EXERCISE DESCRIPTION: Copy out the data exactly as it appears, without a single image.

INPUT DATA:
-------------------------
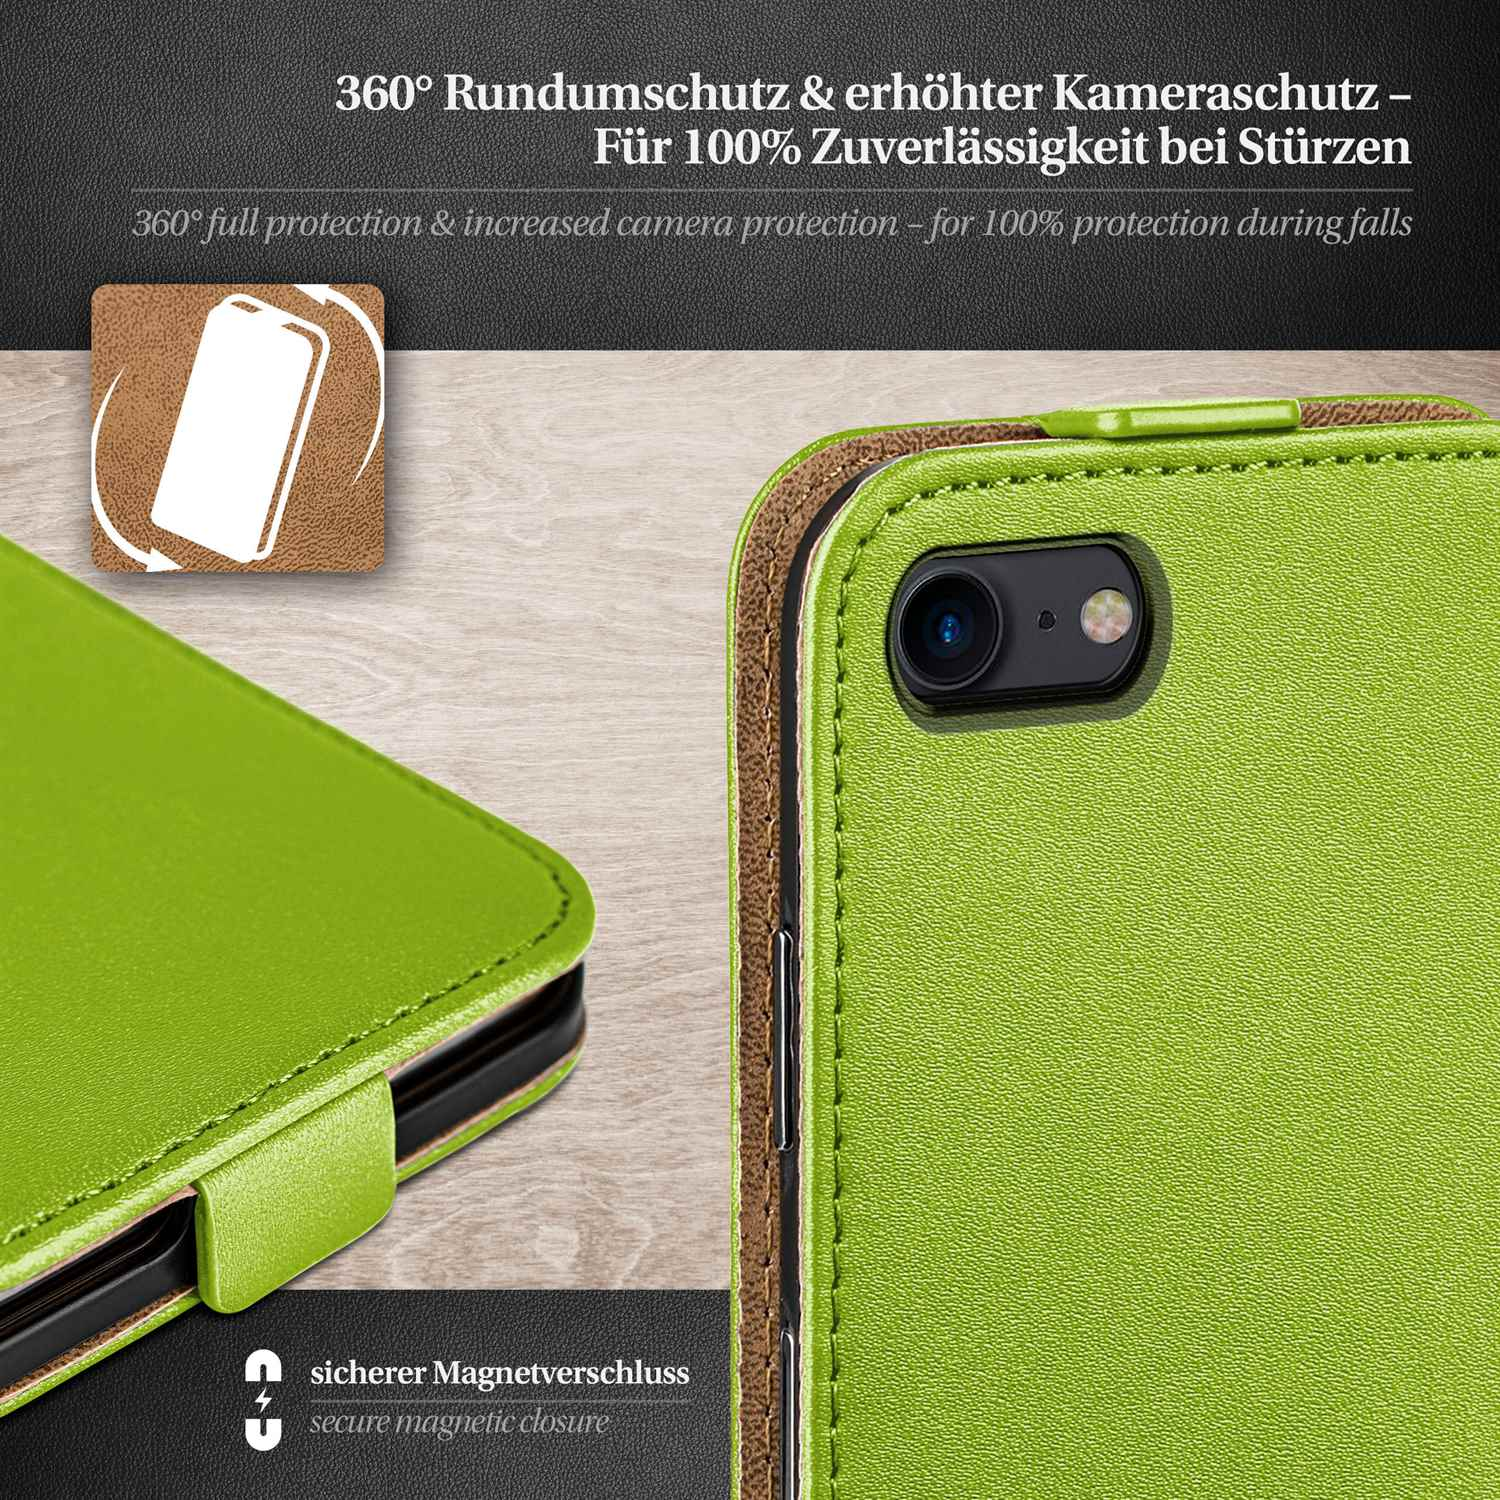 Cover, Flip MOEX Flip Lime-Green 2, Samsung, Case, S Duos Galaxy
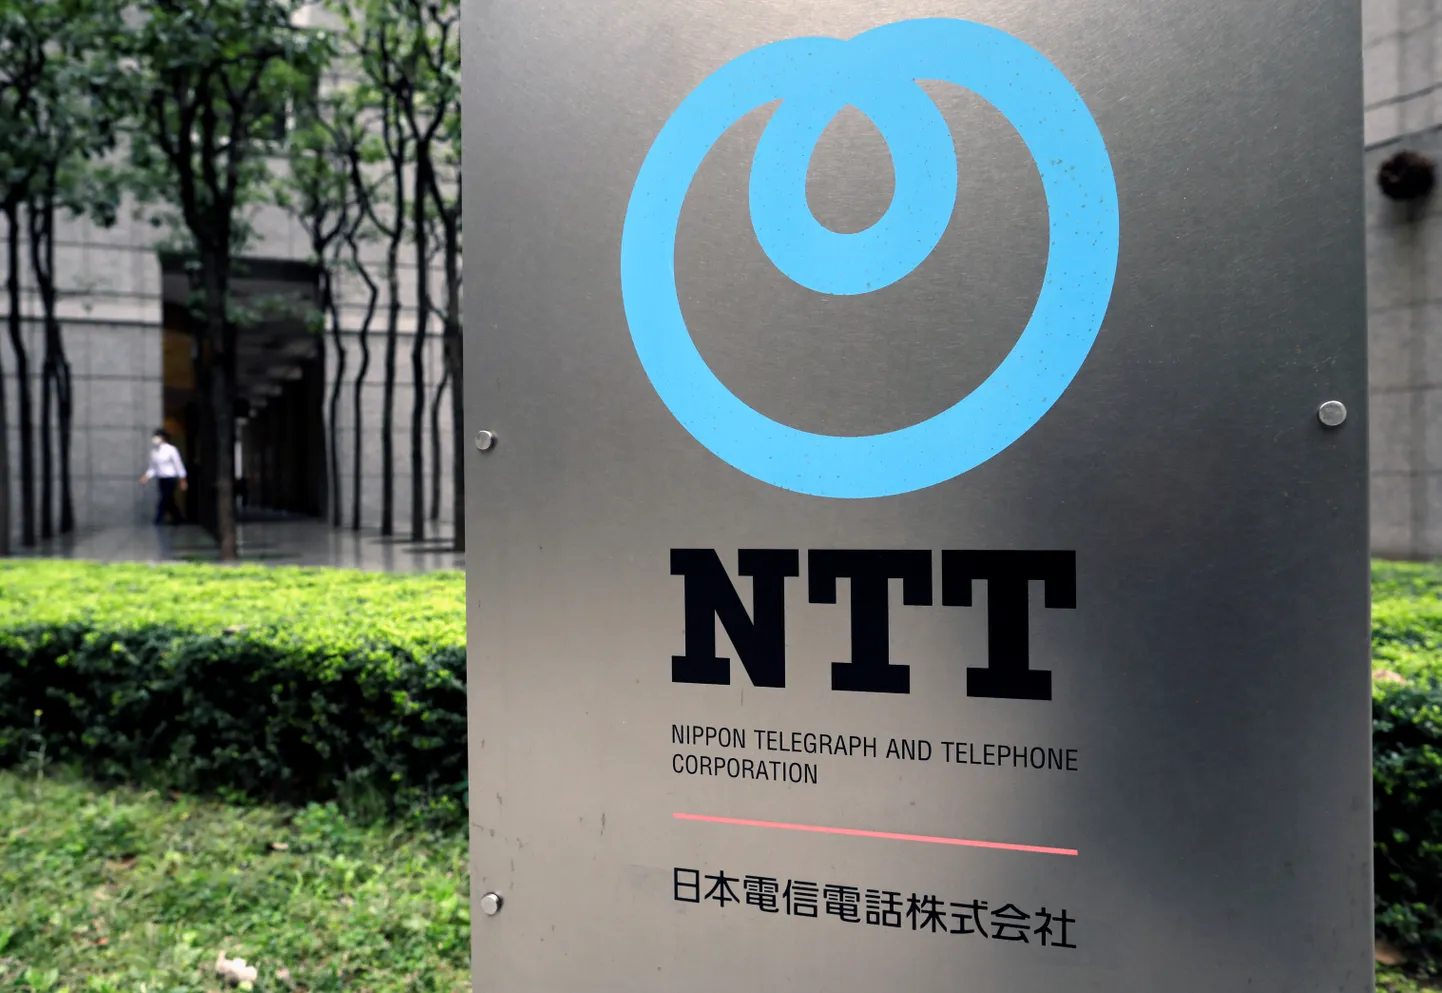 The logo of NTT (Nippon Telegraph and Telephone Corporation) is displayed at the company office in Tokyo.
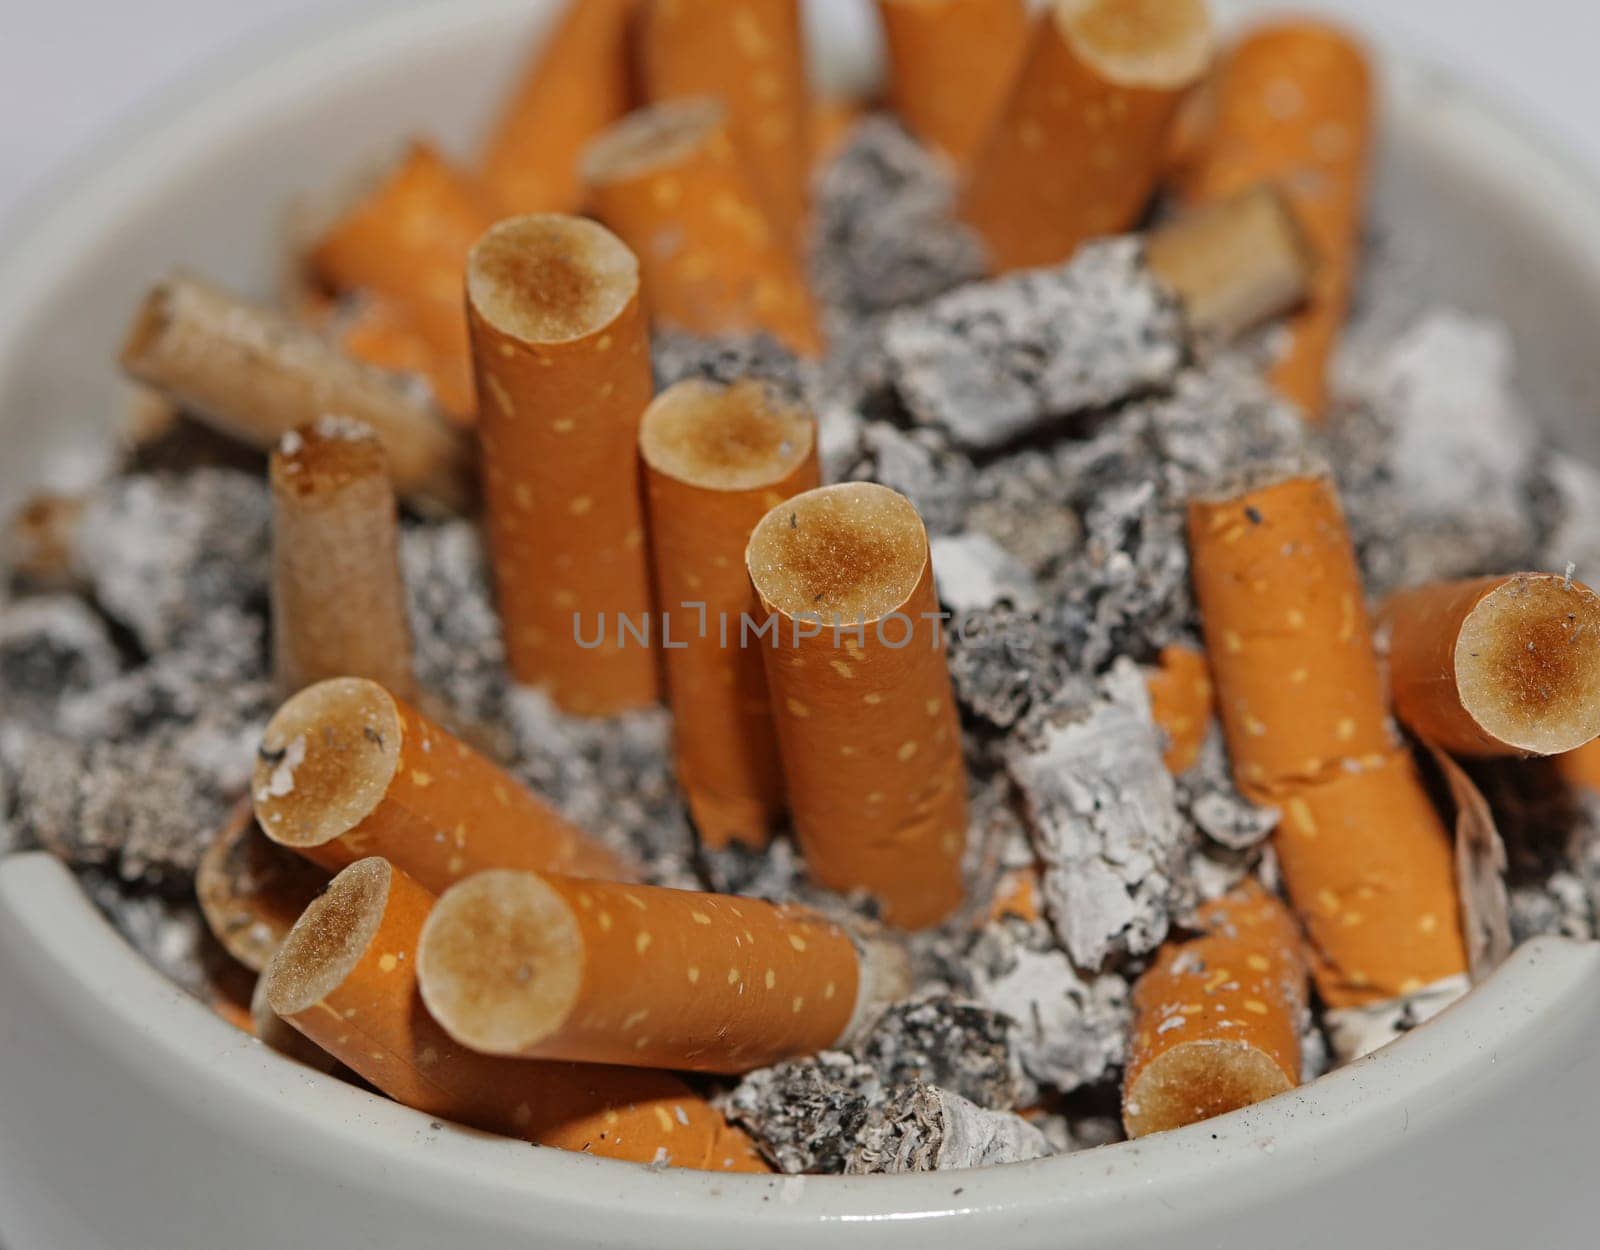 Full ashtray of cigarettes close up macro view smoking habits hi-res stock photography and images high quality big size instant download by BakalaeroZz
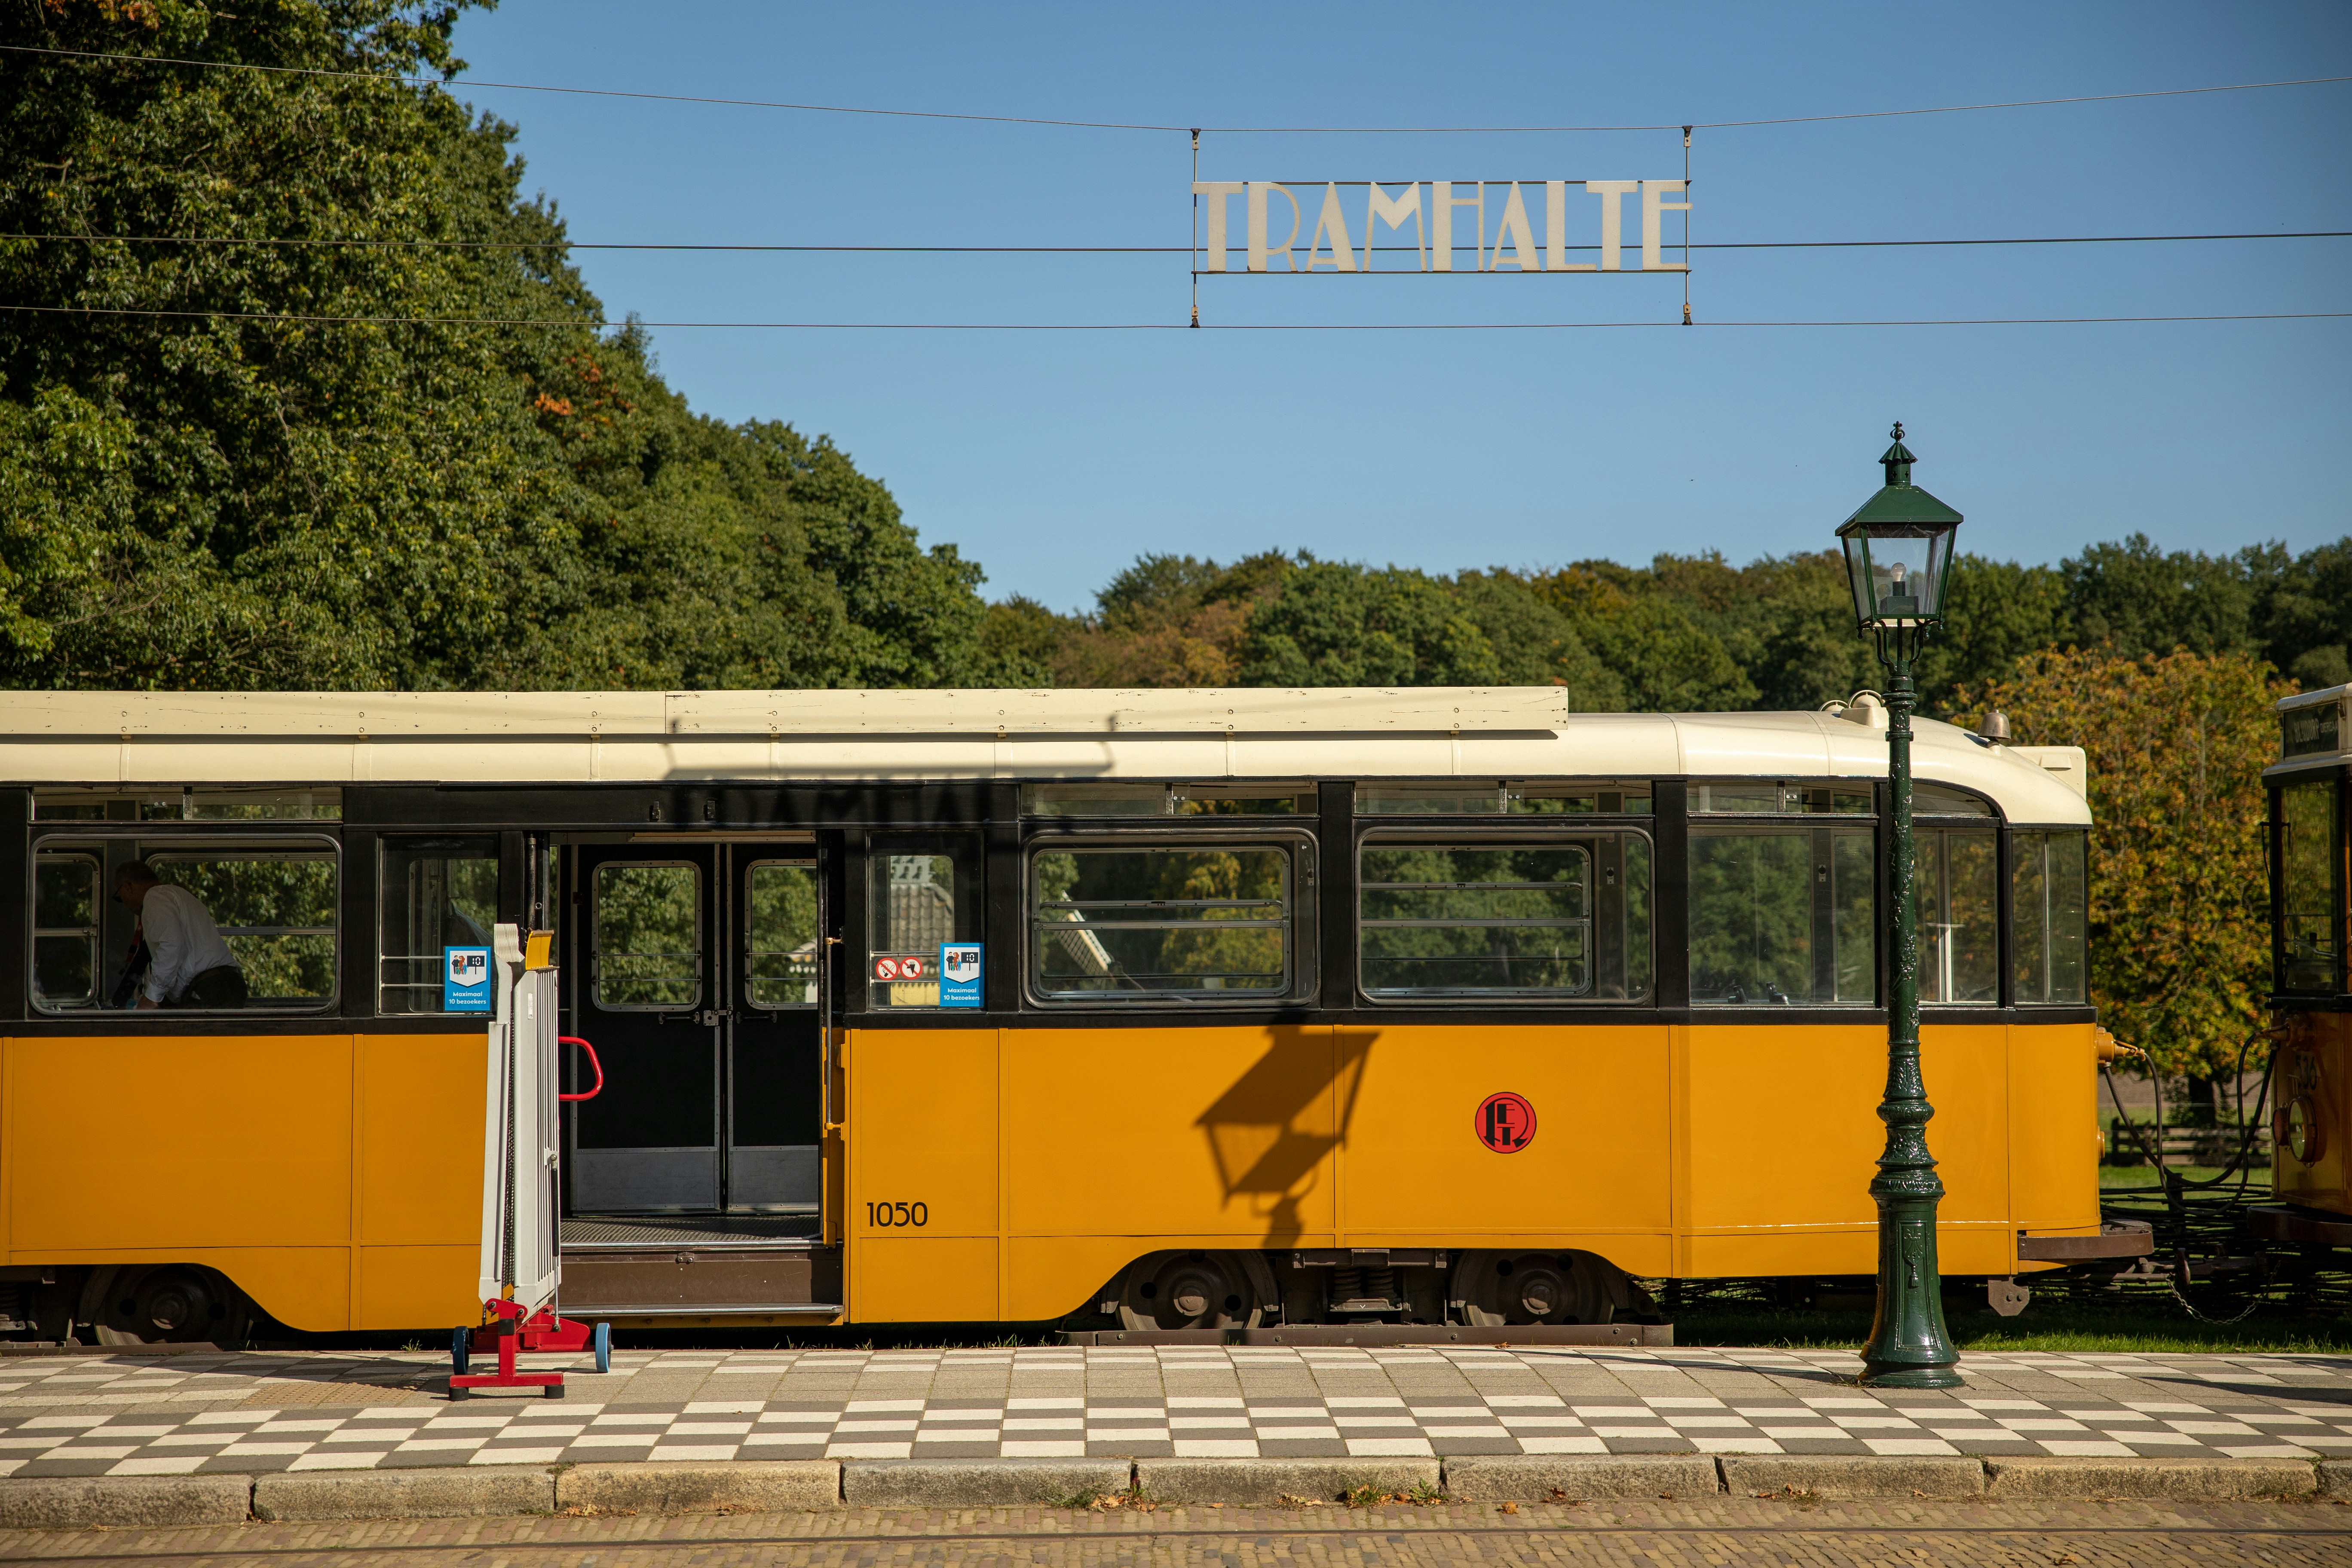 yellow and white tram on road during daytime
-------------------------
RESULT OF THIS EXERCISE:
 Cover, Flip MOEX Flip Lime-Green 2, Samsung, Case, S Duos Galaxy
 The logo of NTT (Nippon Telegraph and Telephone Corporation) is displayed at the company office in Tokyo.
 Full ashtray of cigarettes close up macro view smoking habits hi-res stock photography and images high quality big size instant download by BakalaeroZz
 yellow and white tram on road during daytime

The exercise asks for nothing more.